The engagement
SafeSize uses 3D foot scanning to tell you exactly which shoe fits — the diagnostic layer worked. What didn't exist was a way to act on it. No cart, no checkout, no path from recommendation to purchase. The product had a senior in-house designer; I was brought in via Code.Hub for three months as an external consultant to design the missing e-commerce layer.
This is a different mode from founding-designer work. The brief here wasn't "build the product" — it was "extend the existing design system to ship a new flow without fragmenting what's already there." Different skill. Different posture. Equally important.
The Card Problem
The product card was the hardest surface in the project. It was already carrying 3D scan results, fit confidence scores, and size callouts. The ask: add Add to Cart, size selection, and purchase intent actions to the same compact container — without making the scan data, which was SafeSize's core value, feel like a footnote.
I started with a UX audit of the existing recommendation engine: what did scan results actually show the user, what information was needed at the purchase decision point, and what could be deprioritized or collapsed. The pattern that emerged: fit data should lead the hierarchy, commerce actions should follow immediately — always visible, never competing. Space efficiency and information hierarchy had to solve the same problem simultaneously.
The Constraints
The card needed to work across three deployment contexts: the retailer's in-store kiosk interface, the embedded e-commerce widget, and the brand's own product pages. Same component, three different container widths and color contexts. This ruled out fixed-dimension design — everything had to be built with fluid proportions and context-agnostic tokens.
How I Worked Alongside the Team
SafeSize had an existing engineering team and a retail integration architecture I needed to understand before designing anything. Week one was audit and alignment: I reviewed the recommendation engine's output format, mapped the data fields available at render time, and aligned with the frontend developer on what was technically feasible within the checkout integration they were building in parallel.
I didn't design in isolation. Each card iteration was reviewed with the engineering lead for feasibility before it moved to documentation.
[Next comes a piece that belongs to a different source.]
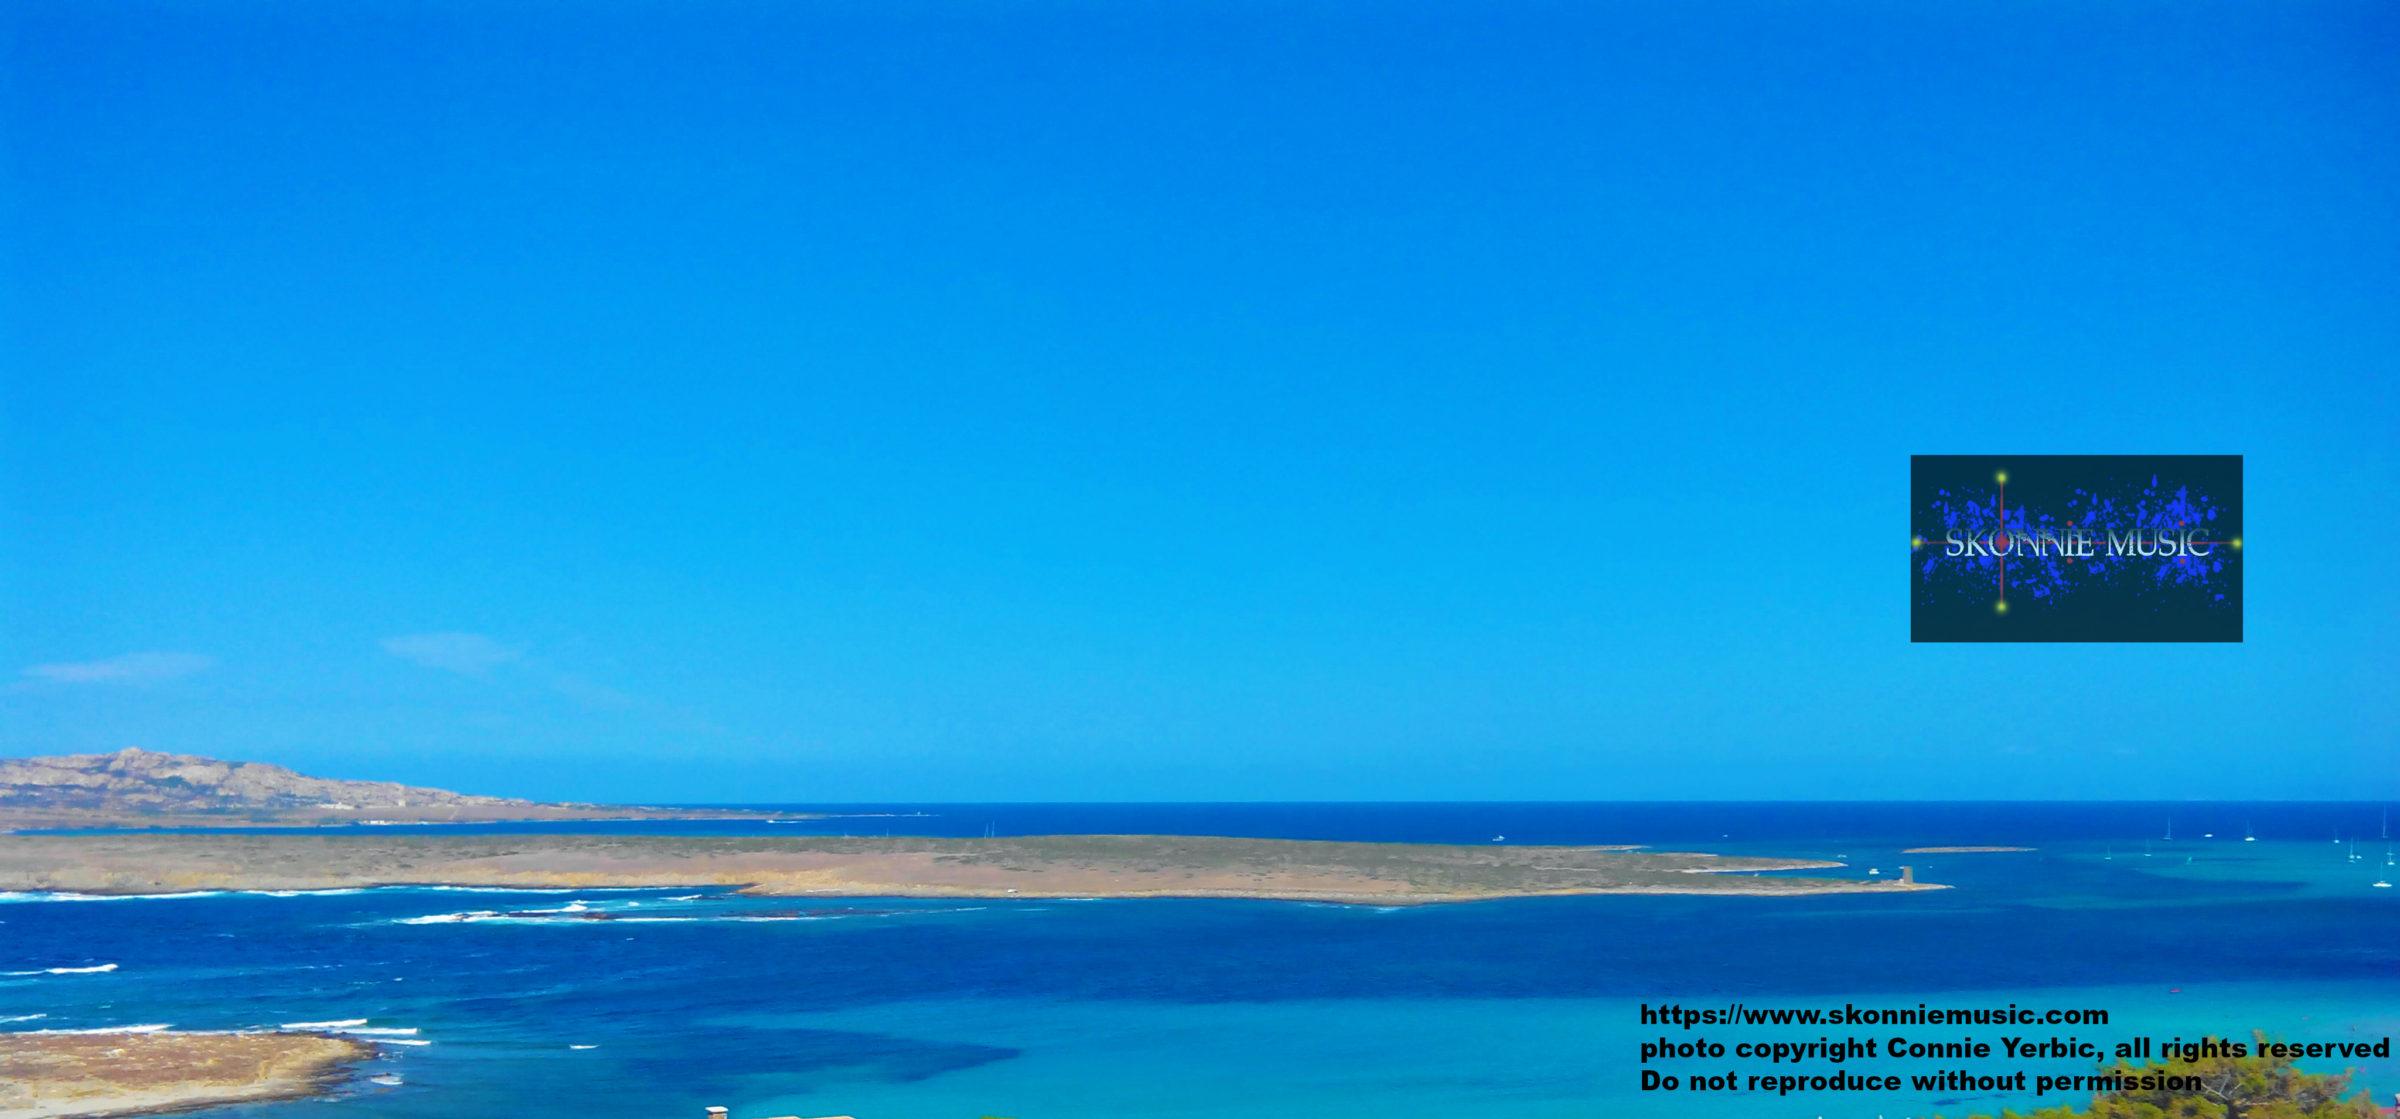 Sardinia, Italy, Travel, Skonnie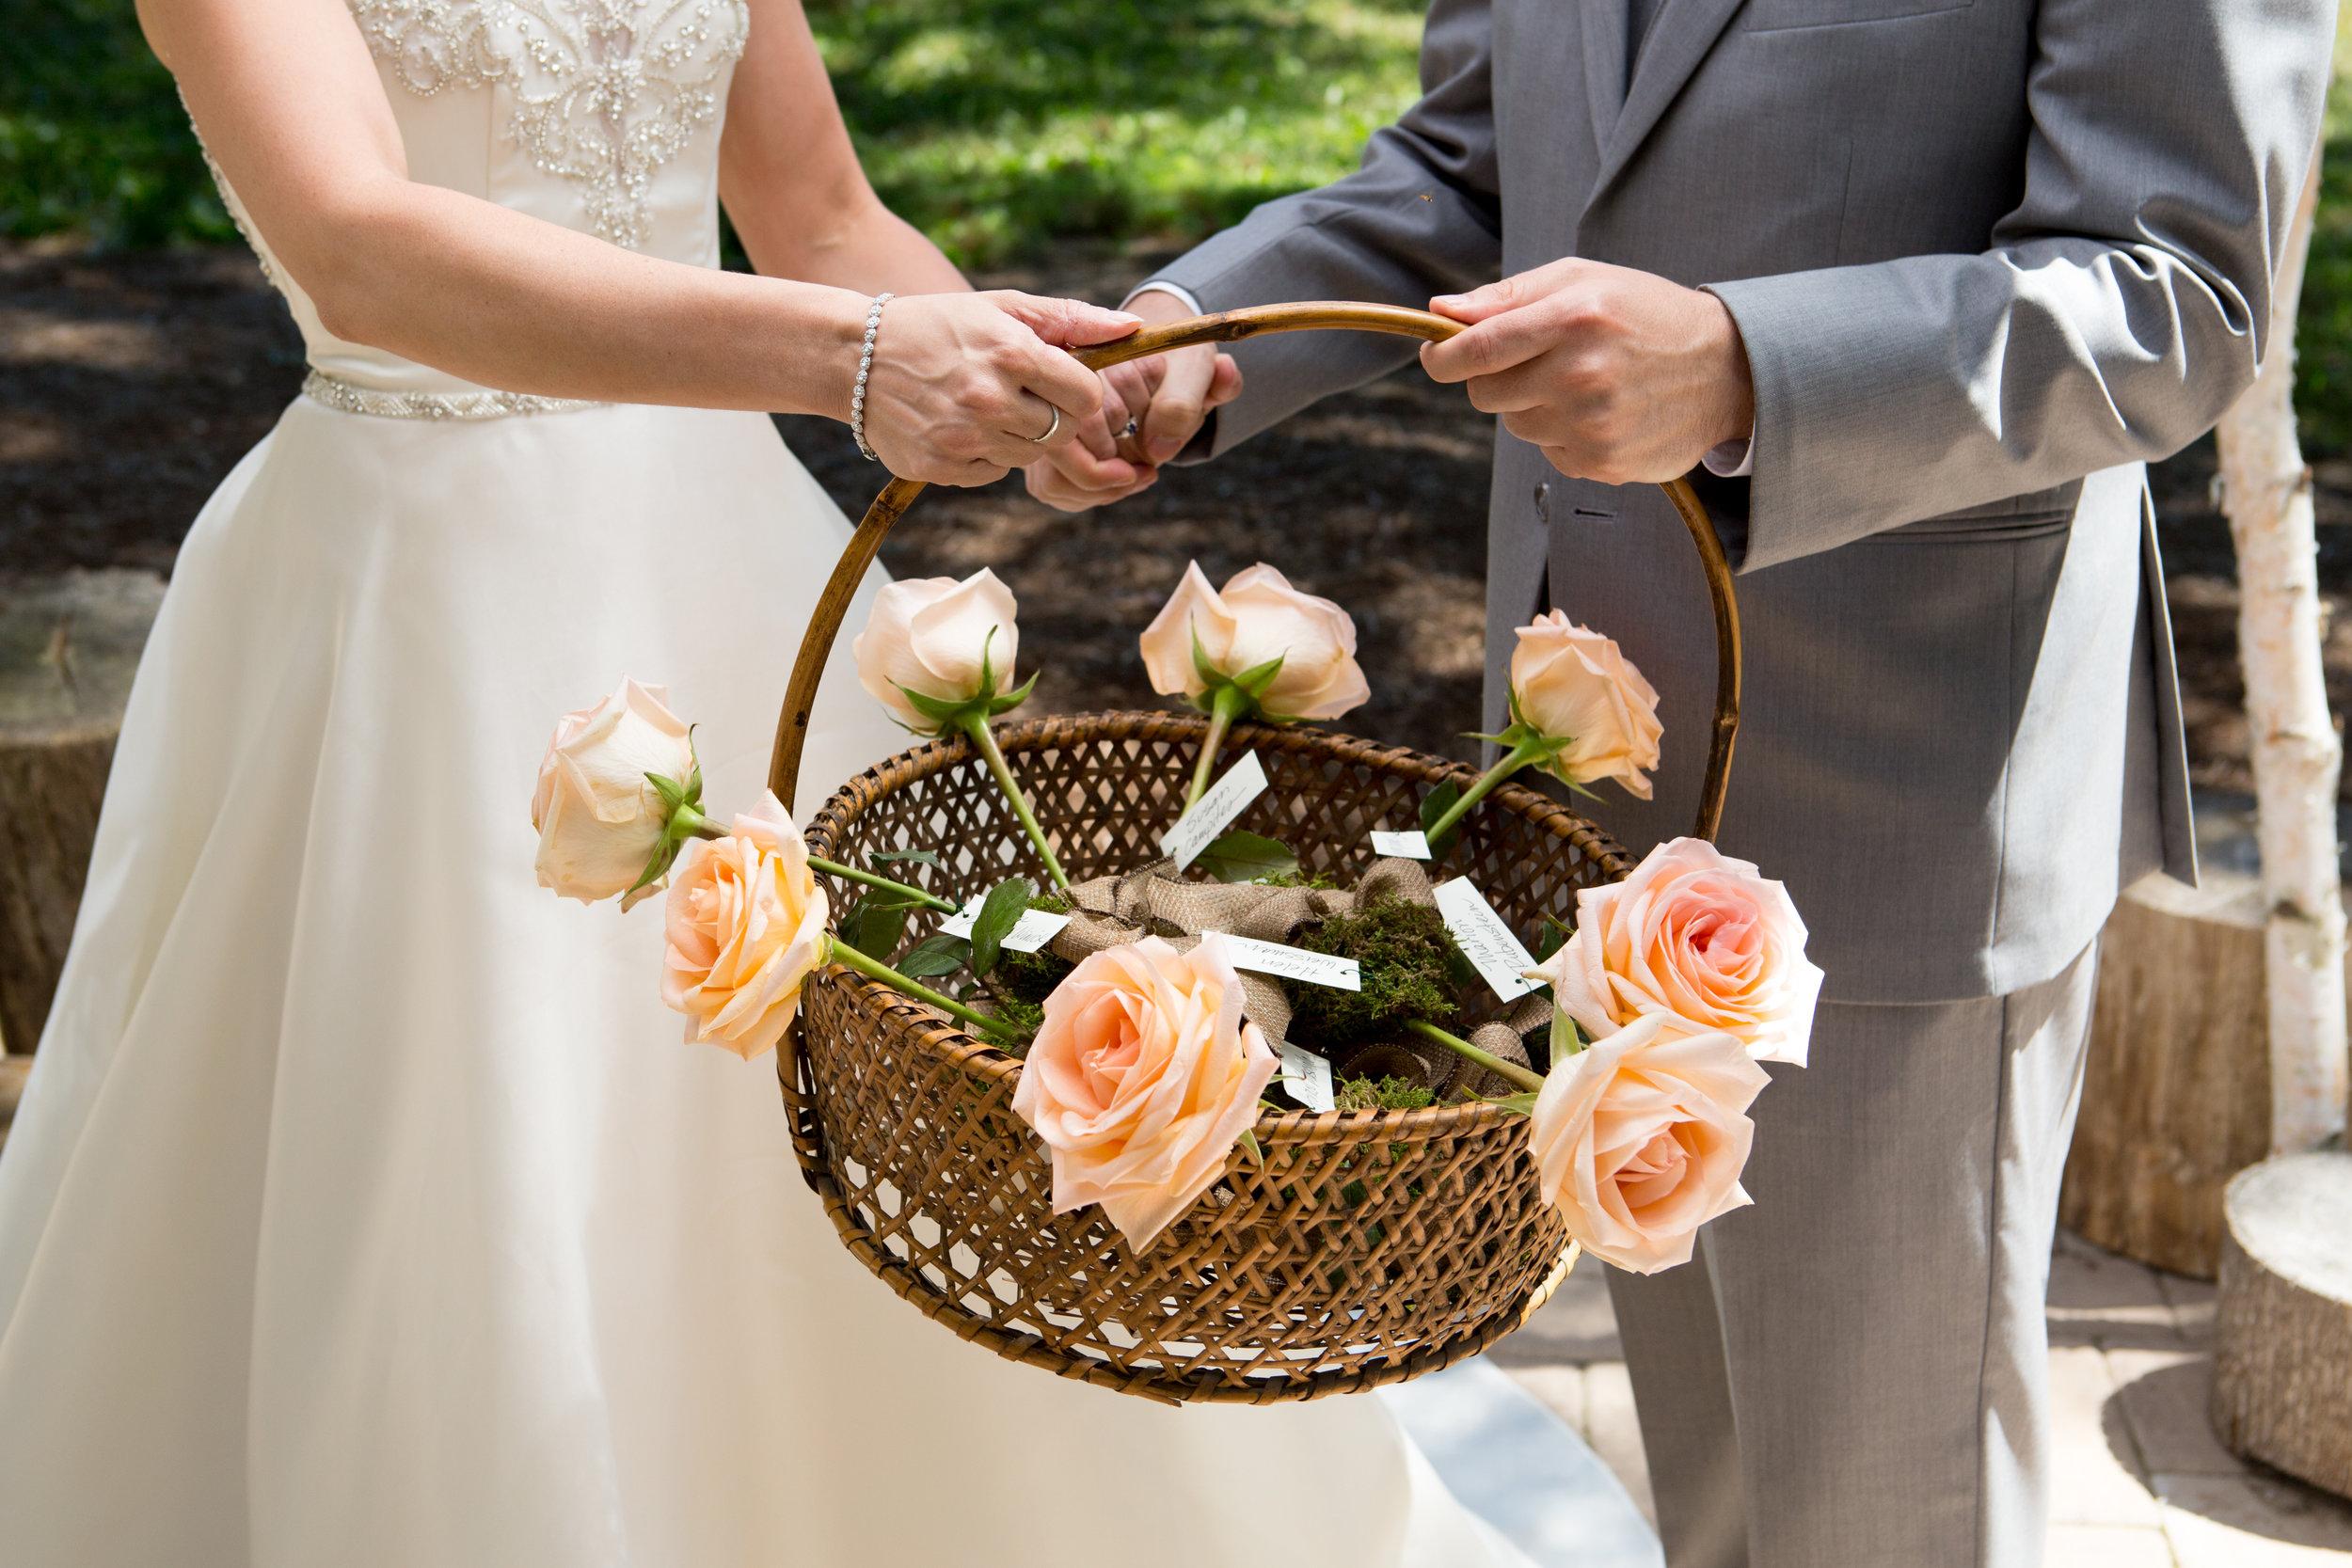 ca_080517_wedding_0077.jpg

This saved two or three rounds of scope revision and kept the handoff clean.
Component Library & Handoff
The deliverable beyond the card design was a component library for fit-diagnostic data visualization: scan result states (perfect fit, close fit, not recommended), confidence level indicators, size callout treatments, and the checkout entry states. Everything documented for engineering handoff with variant logic annotated directly in Figma.
The system was structured so SafeSize could add new shoe categories — trail running, children's footwear, orthopaedic — without requiring a design engagement for each. One component model, extended via configuration.
What this engagement was about
Consultant work in someone else's house is the test of whether a designer has ego or judgment. The temptation is always to put your fingerprints on every screen. The discipline is to leave fingerprints only where they're needed, and to make the rest invisible enough that the in-house team can keep building without your maintenance.
SafeSize shipped a complete commerce experience three months after I joined. The component library extended the existing system. The senior designer kept ownership of the broader product. That's the engagement working as designed.